=== Your instructions ===
Line by line, transcribe the data below exactly and pass over the images.

=== Supplied data ===
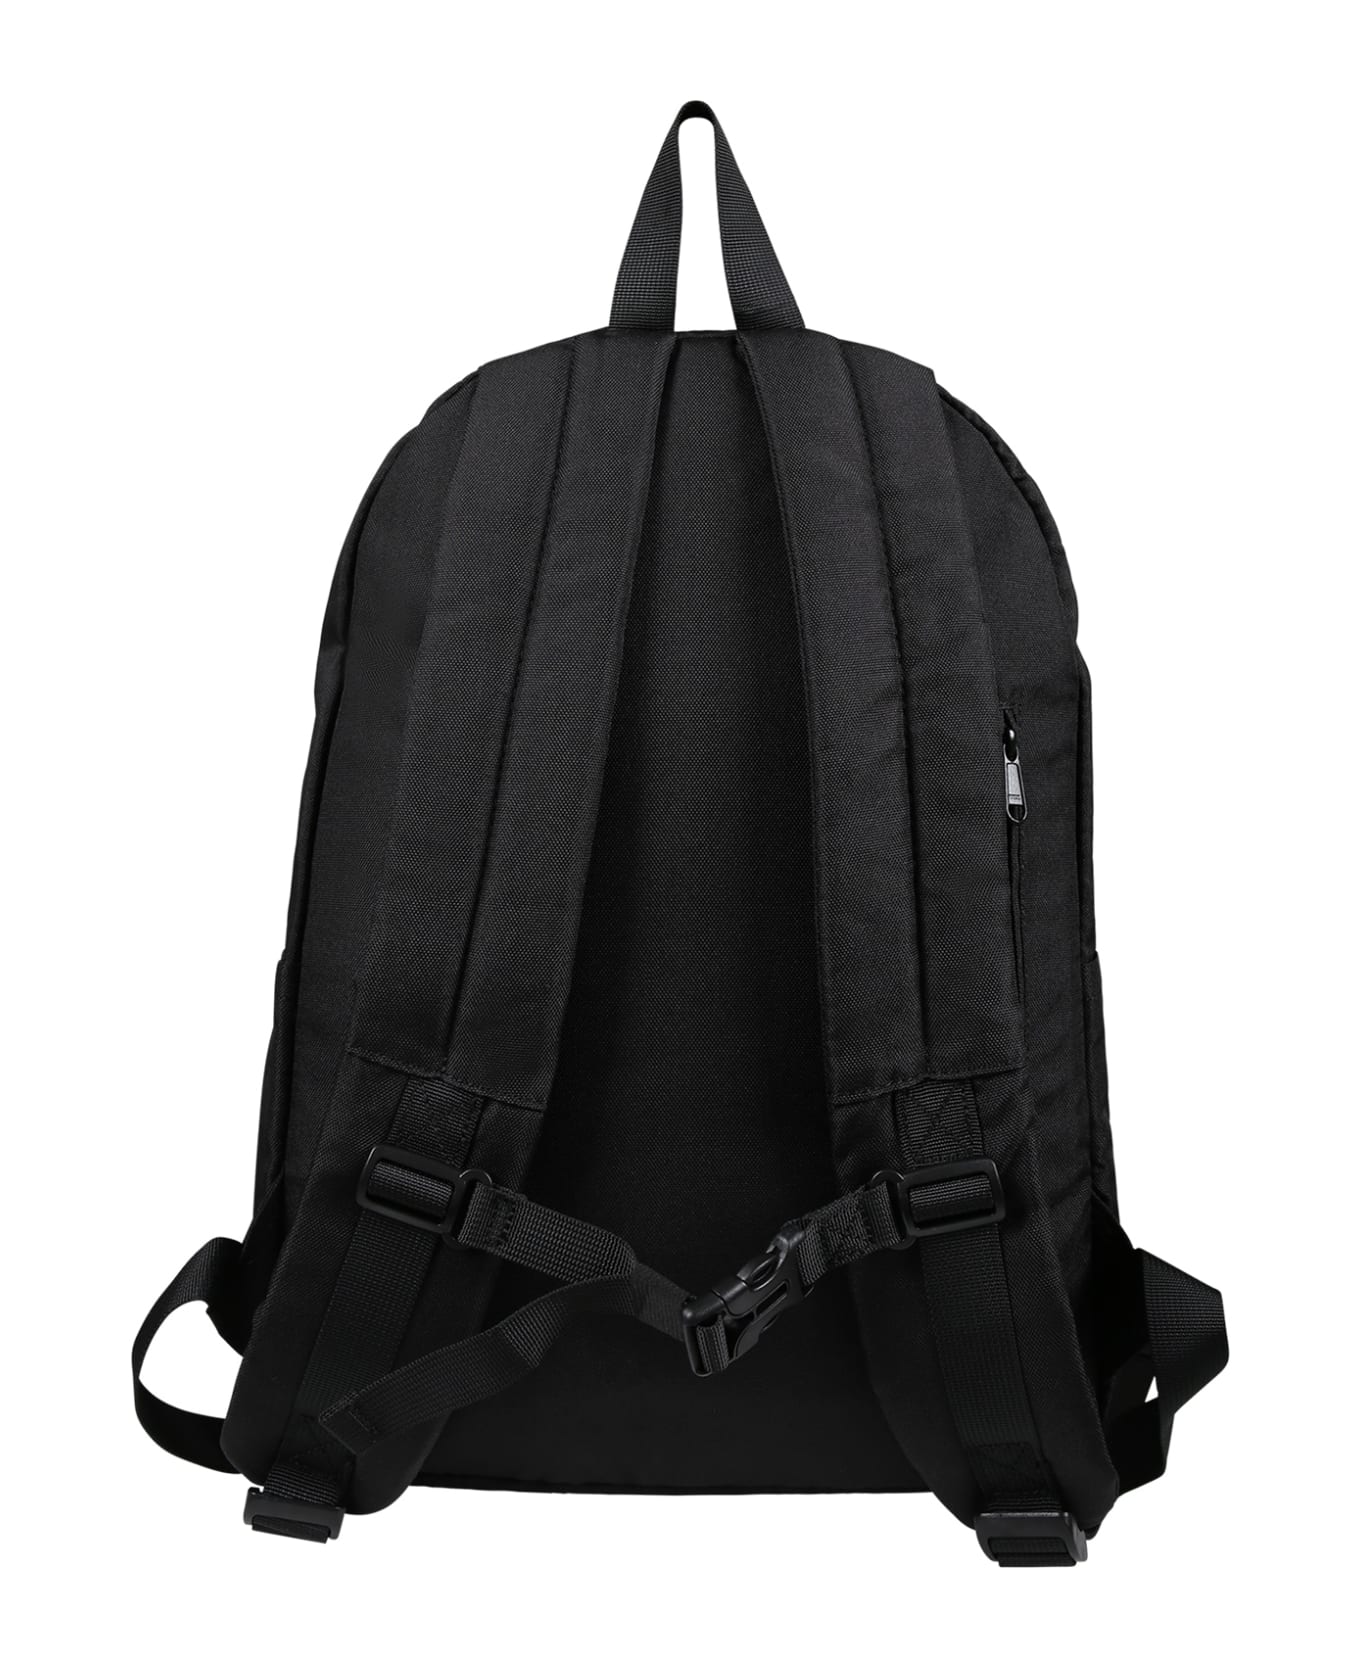 Molo White Backpack For Boy With Flames - Black
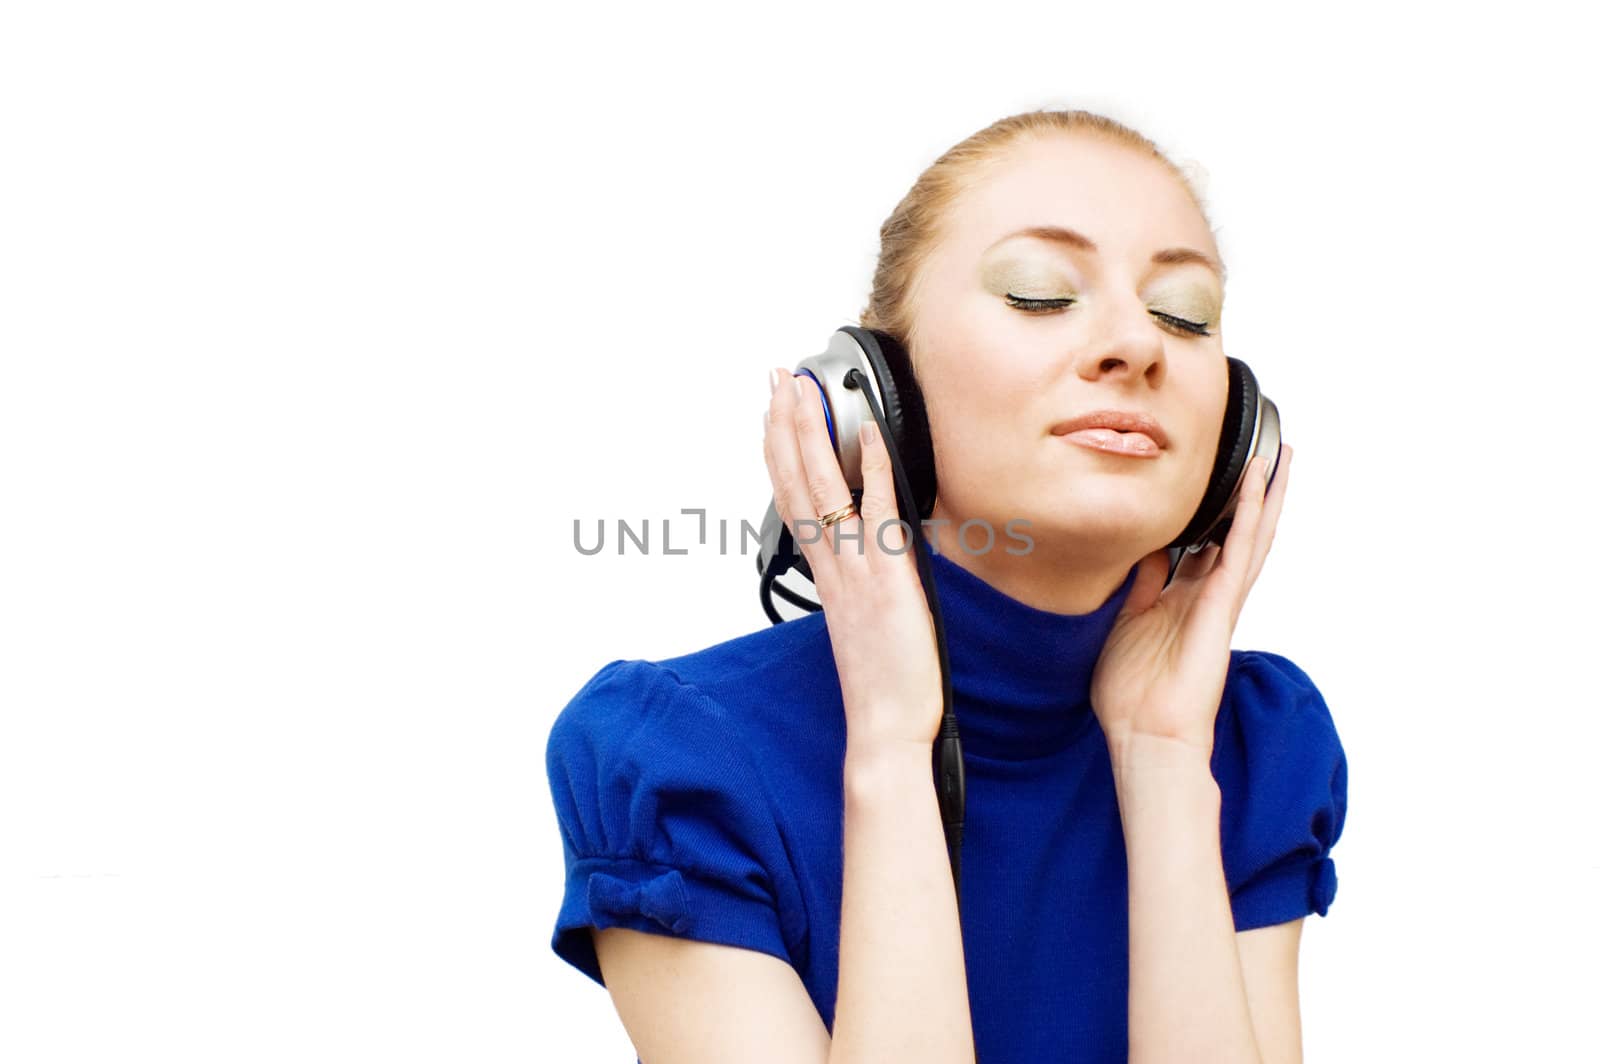 Redhead woman with headphones listenning to the music over white
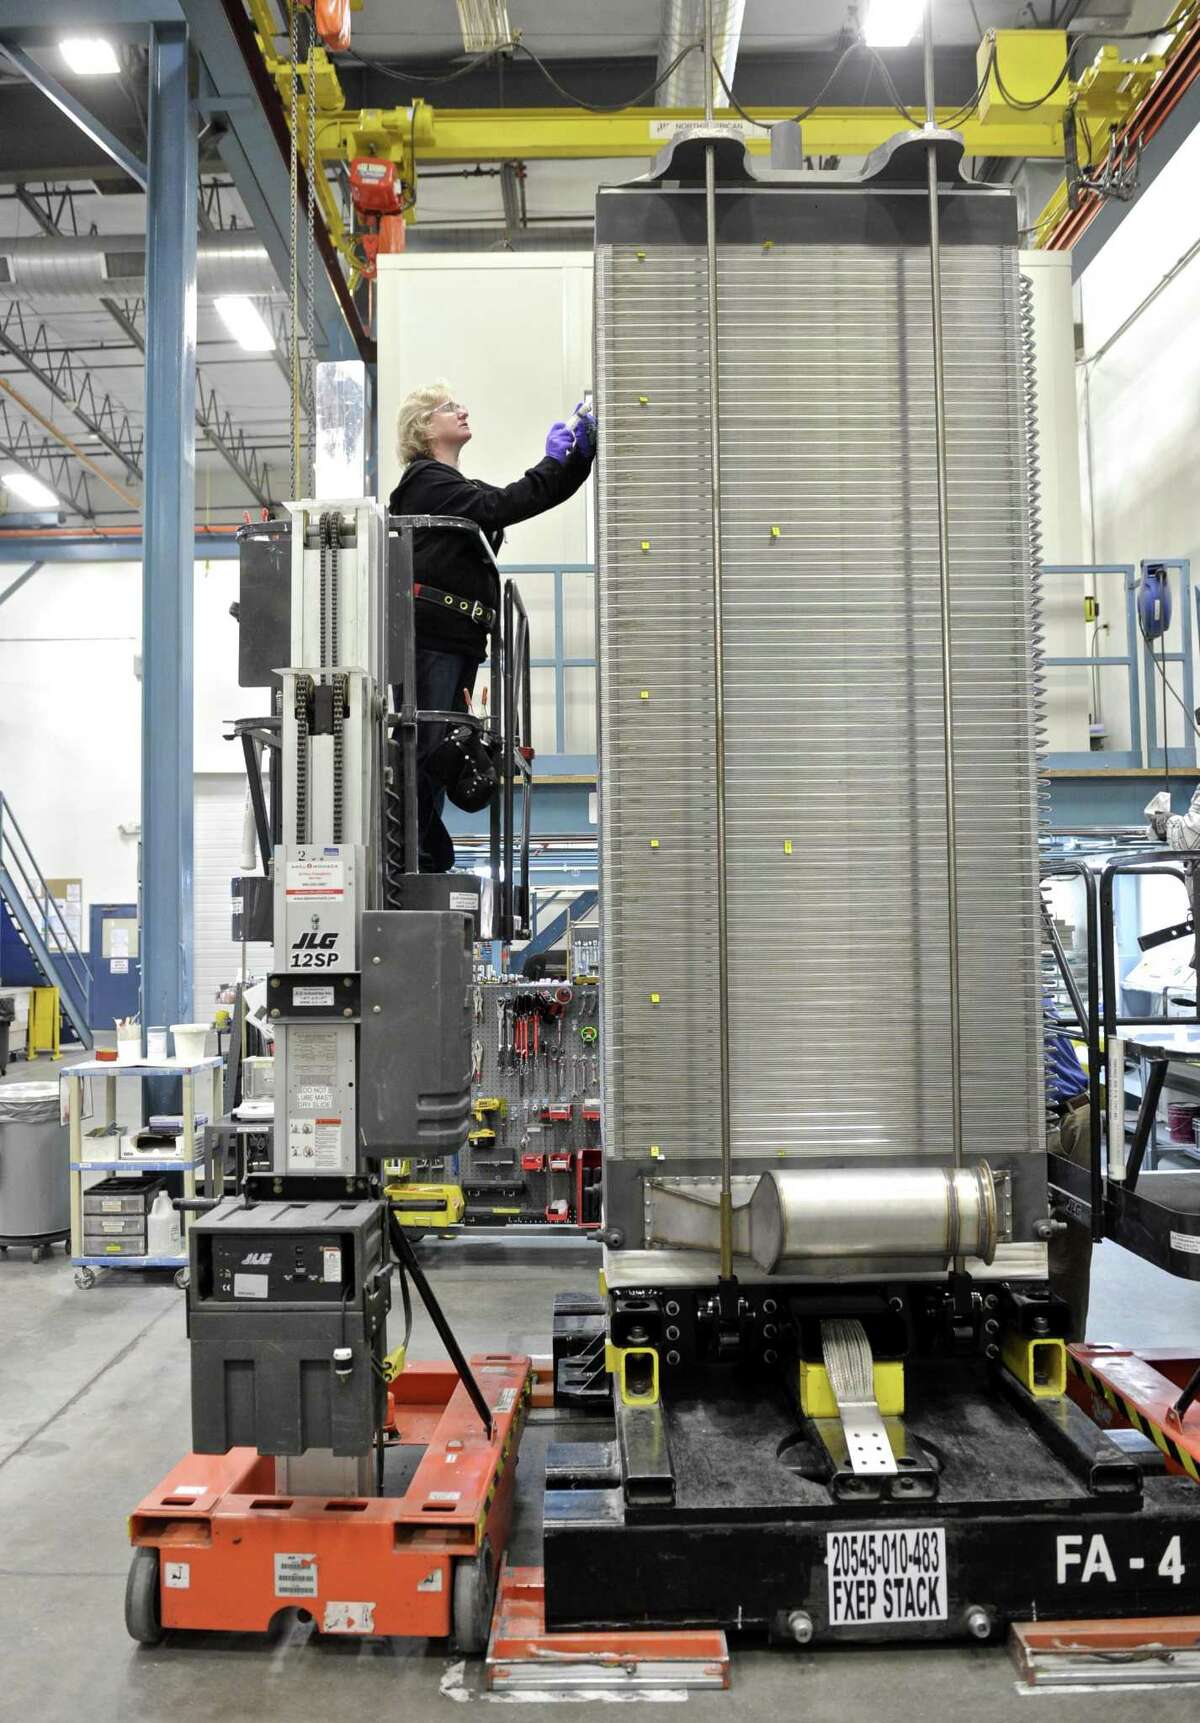 Janet Hixson completes the work on a 400 cell fuel cell stack at the FuelCell Energy manufacturing plant in Torrington, Conn. Wednesday, February 1, 2017.

=== Result of this exercise ===
 Molo White Backpack For Boy With Flames - Black
 Redhead woman with headphones listenning to the music over white
 Janet Hixson completes the work on a 400 cell fuel cell stack at the FuelCell Energy manufacturing plant in Torrington, Conn. Wednesday, February 1, 2017.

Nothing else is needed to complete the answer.